Предложив супруге руку, барон де Рэ первым отправился на почетное место у правого торца.

21.

В соответствии со статусом барон устроился во главе стола. Жаннет – тоже по статусу – справа от хозяина. За место по его левую руку последовала небольшая драчка. Между заядлыми подругами. Не потому, что не хватало стульев или стол был короток. Нет, каждая из дам желала усесться на почетное место рядом с достопочтимым бароном де Лавалем, чтобы снова впасть в милость, не оставаться лишний раз без головы.

Непрофессиональная драка между женщинами всегда вызывает больше смеха, чем опасений. Драка дам специфической породы нечисти выглядела особенно забавной.

Сначала русская помещица и венгерская графиня подергали друг друга за волосы. Безрезультатно. Надавали пощечин – тоже эффекта не принесло. Потом Эржбета вынула изо рта новые челюсти и защелкала ими на Салтычиху, угрожая покусать. Та выпустила волчьи когти и начала делать выпады в сторону подруги-врага. Заметных повреждений драчуньи не понесли — победитель опять не определился.

Четверо мужчин: Каддафи, Капоне, Прелати и Холмс быстренько организовали кружок возле места действия. Разнимать дерущихся никто не подумал – зачем лишать себя захватывающего представления? Наоборот, зрители развлекались от души: следили за борьбой, подбадривали воительниц – криками, хлопками, свистом.

Не выбирая какой-то одной фаворитки для поддержки, мужчины  болели за каждую драчунью попеременно: в зависимости — кто очевиднее побеждал в тот или иной момент. В зале поднялся гвалт не хуже, чем на доисторических гладиаторских поединках. Или в современных детских песочницах, когда дошколята не поделят формочки для пирожков, и мамы вмешиваются в дискуссию.

Правду говорят: плебсу требуется для счастья немного, собственно только две вещи – хлеба и зрелищ. Гости Тиффожа не представляли исключения. Сегодня у них счастливый день: ужин пообещали, зрелище предоставили.
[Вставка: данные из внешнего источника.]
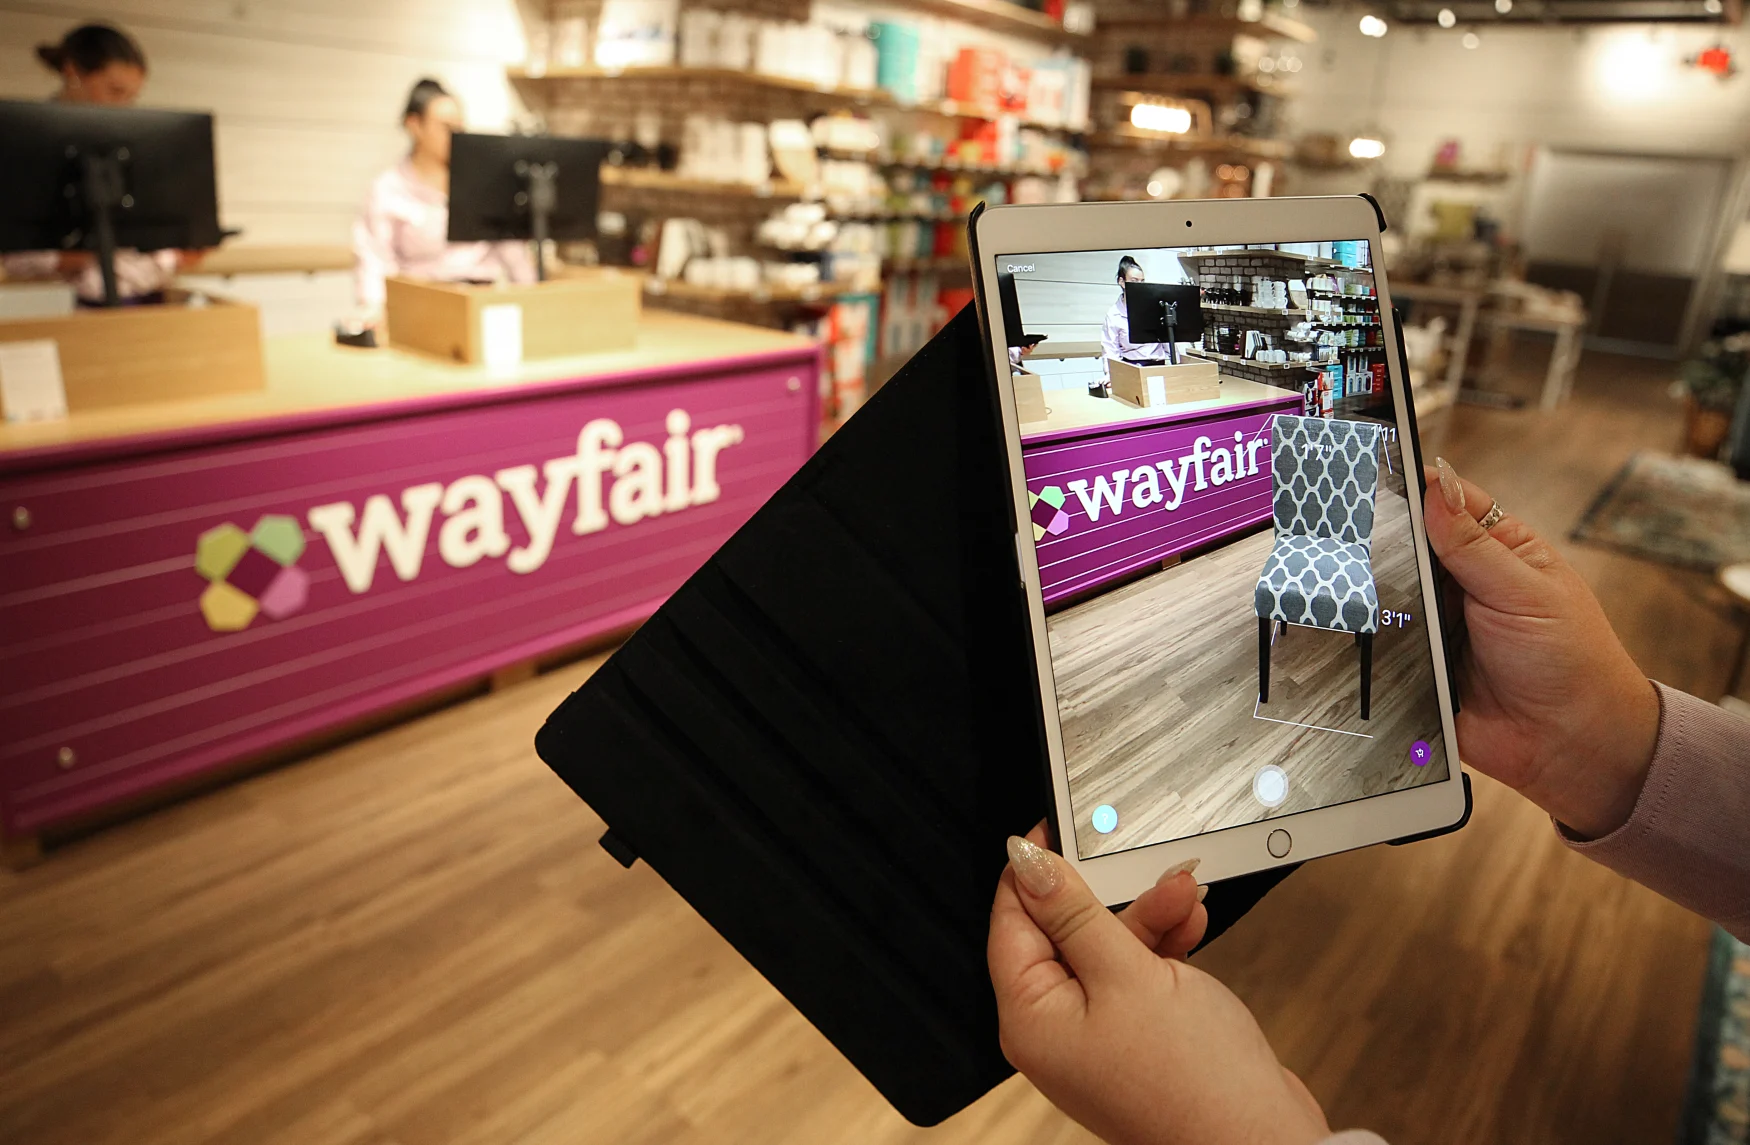 NATICK, MA - AUGUST 20: A virtual reality app is demonstrated at Wayfair's first store in the Natick Mall in Natick, MA on Aug.  20, 2019. Shoppers can don virtual reality headsets to see how furniture would fit into a space, using Wayfairs Room Planner tool.  They can virtually climb onto a dining room table to get a 360-degree view of a digitally rendered room, then swap out chairs, chandeliers, and art on the virtual walls.  That's just one example of how the Boston-based e-commerce giant has used its digital DNA to create its first brick-and-mortar store.  It opens Wednesday in the Natick Mall.  Product information, including prices and customer ratings, is displayed on screens that update in real time to reflect online price changes.  Staffers carry iPads with an augmented reality tool that makes furniture appear in a 3-D setting, or they can snap a picture of an item in the store and find dozens like it online.  (Photo by Suzanne Kreiter/The Boston Globe via Getty Images)

Развлекайся на всю катушку!

Мужчины подбадривали воюющих общими криками, не адресованными ни к кому персонально:

— За ухо, за ухо кусай!

— Дай ей промеж глаз, чтобы знала!

— Врежь по переносице, чтобы красный паровоз потек!

— Тресни по кумполу со всей силой!

Крики поддержки не пропадали в пустоте. Действуя стимулятором активности, они сильнее заводили борющихся дам, будили проявлять фантазию. Вскоре стало ясно: исход поединка решит не примитивная мышечная крепость – силы были примерно равны, а умственная сообразительность. Местными правилами допускалось также подлую хитрость применить, лишь бы одержать победу, которая спишет нечестные способы своего достижения на принцип «победителя не судят».

Дарья решила использовать подручные приспособления. Схватив собственную косу, начала махать концом как хвостом перед носом соперницы, пытаясь выхлестать глаза. Та не растерялась, выхватила у Прелати грязное полотенце и принялась крутить в виде пропеллера -отбиваться, норовя, при случае, треснуть дворянку сбоку по лицу. Которое напоминало остроносую кикиморскую морду, когда барышня ощеряла лязгавшие зубы.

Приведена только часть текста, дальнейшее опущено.